Data provided: Begin
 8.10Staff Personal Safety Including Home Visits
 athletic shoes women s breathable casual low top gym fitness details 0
Data provided: End
Data provided: Begin
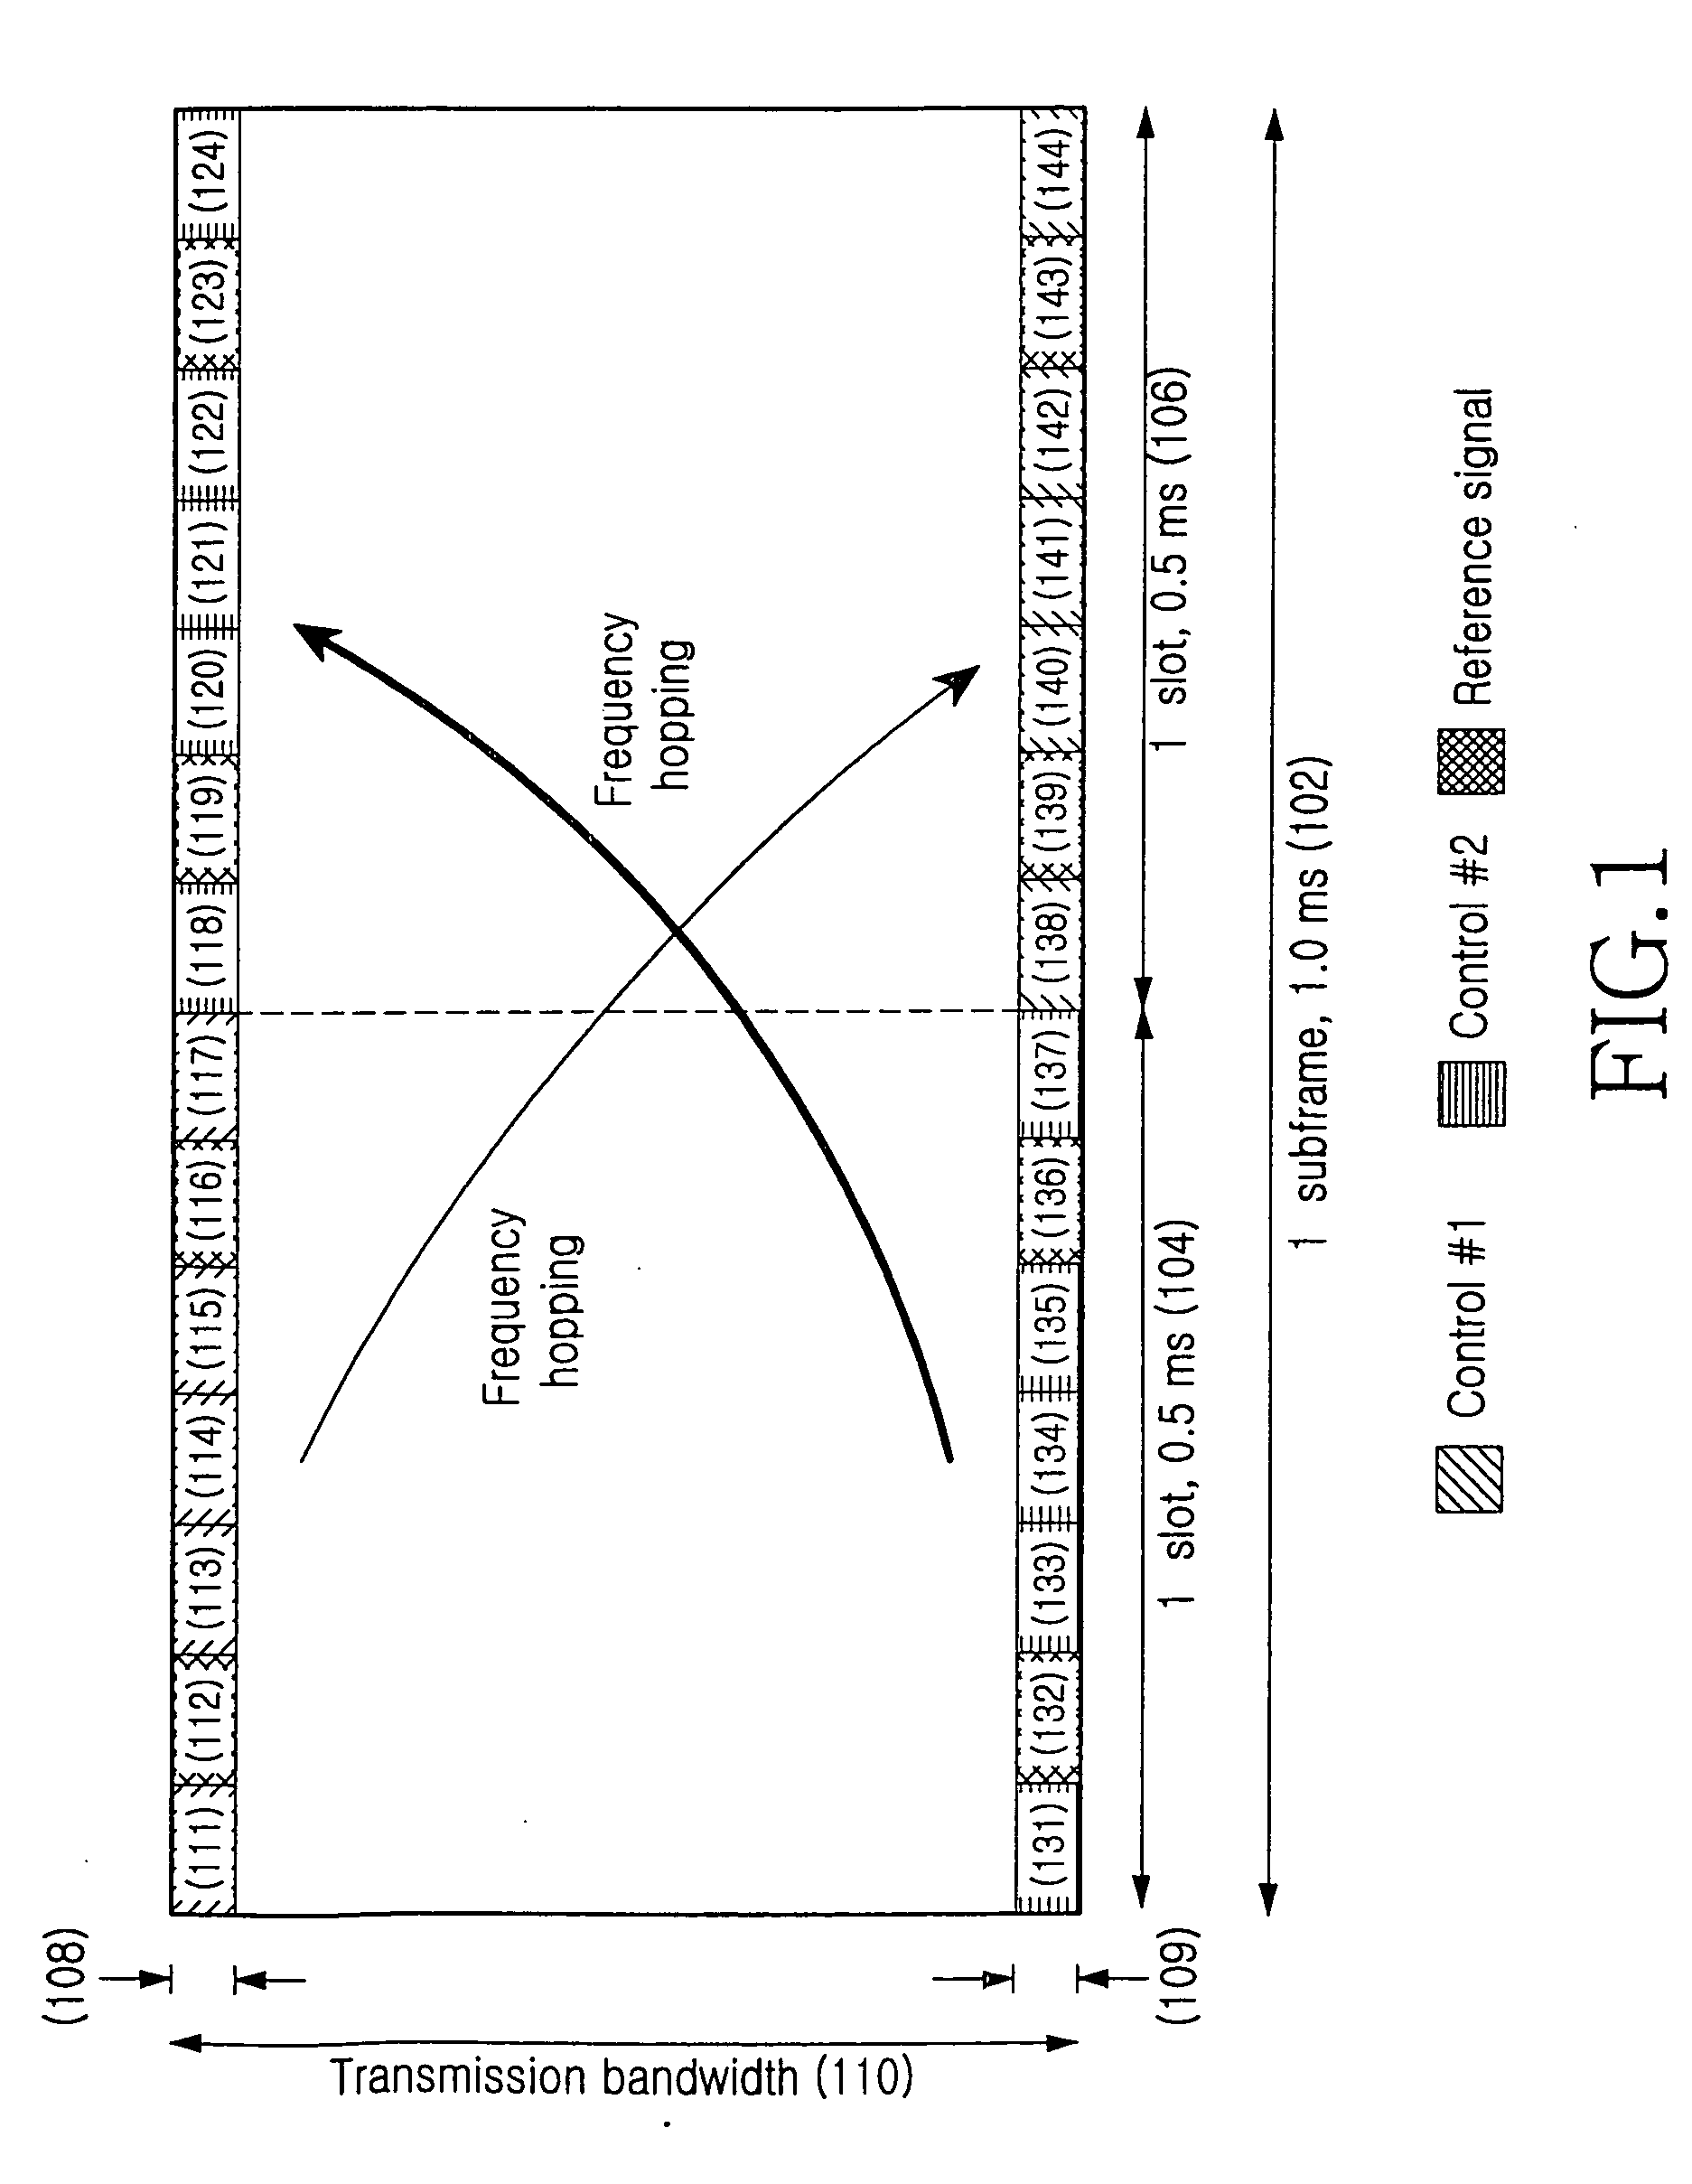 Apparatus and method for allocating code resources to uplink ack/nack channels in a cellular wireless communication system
Data provided: End
Data provided: Begin
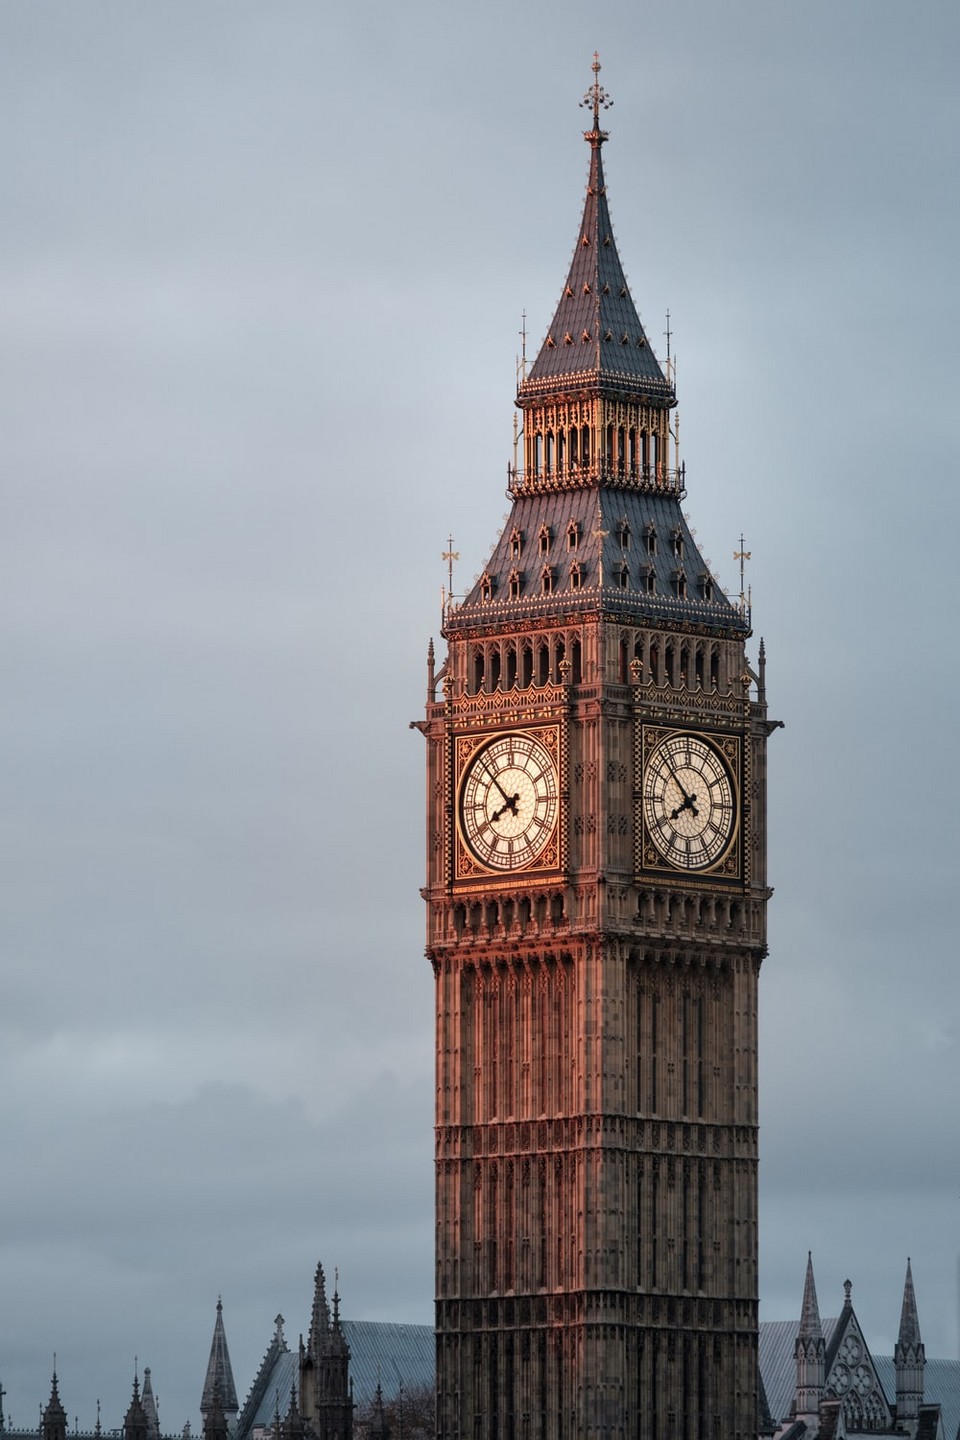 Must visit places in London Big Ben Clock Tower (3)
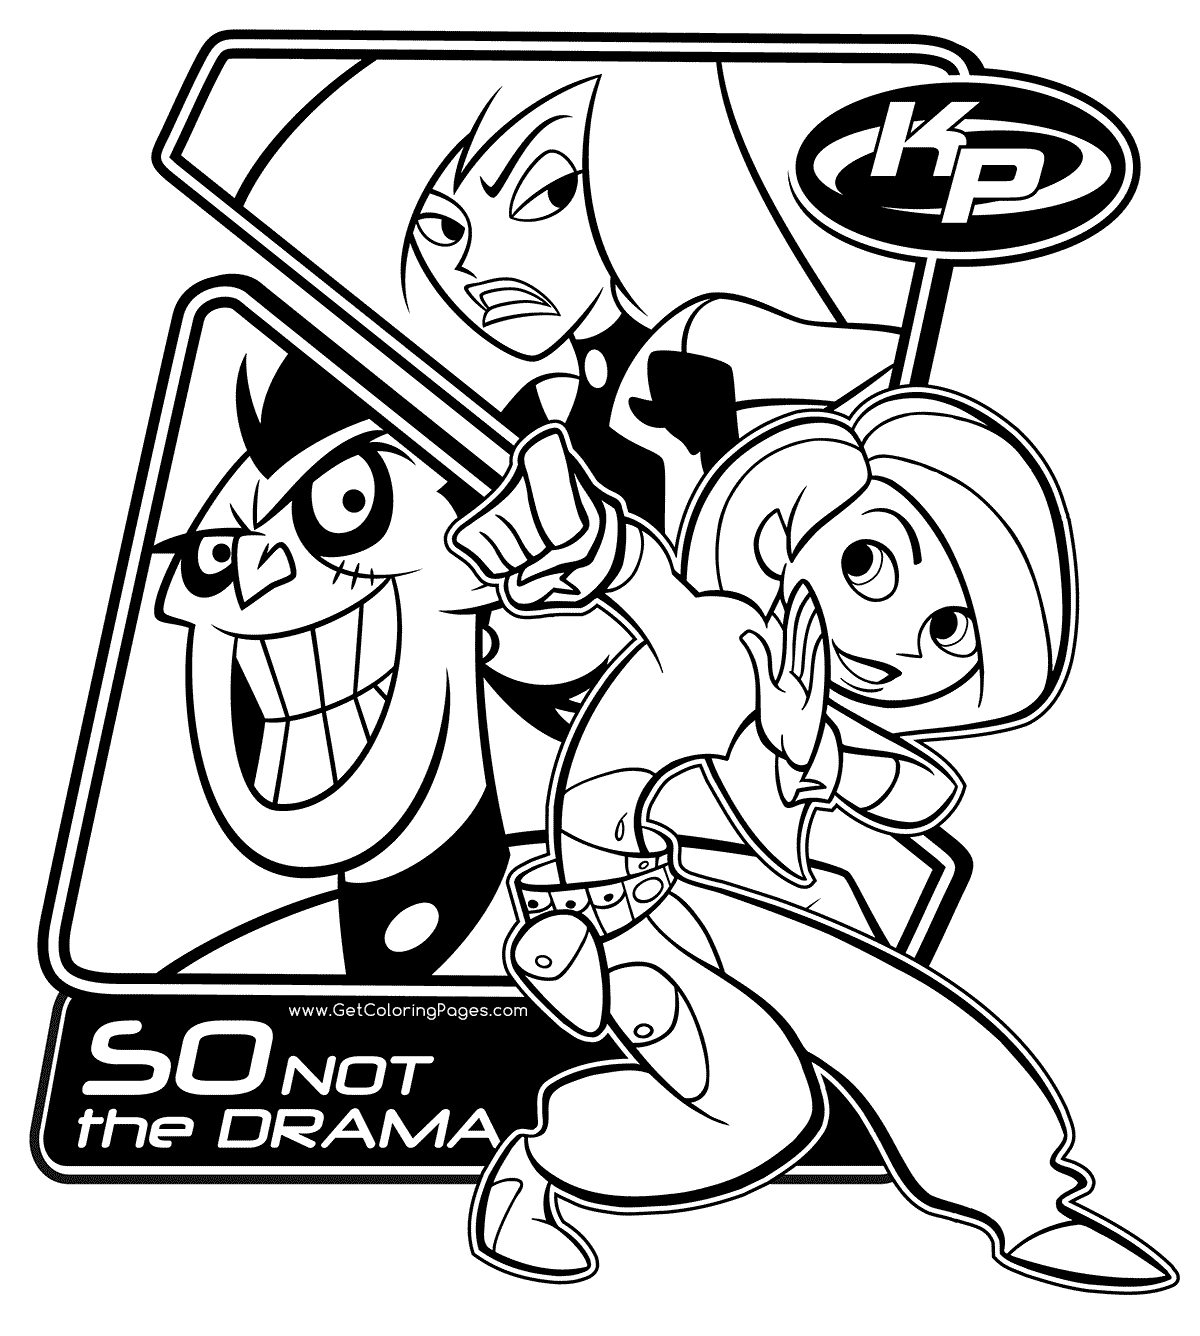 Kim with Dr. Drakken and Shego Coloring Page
Data provided: End
What to work on. What you return should be exactly the lines above, starting at the one with "8.10Staff Personal Safety" and ending at the one with "athletic shoes women", and nothing else.

Result.
 8.10Staff Personal Safety Including Home Visits
 athletic shoes women s breathable casual low top gym fitness details 0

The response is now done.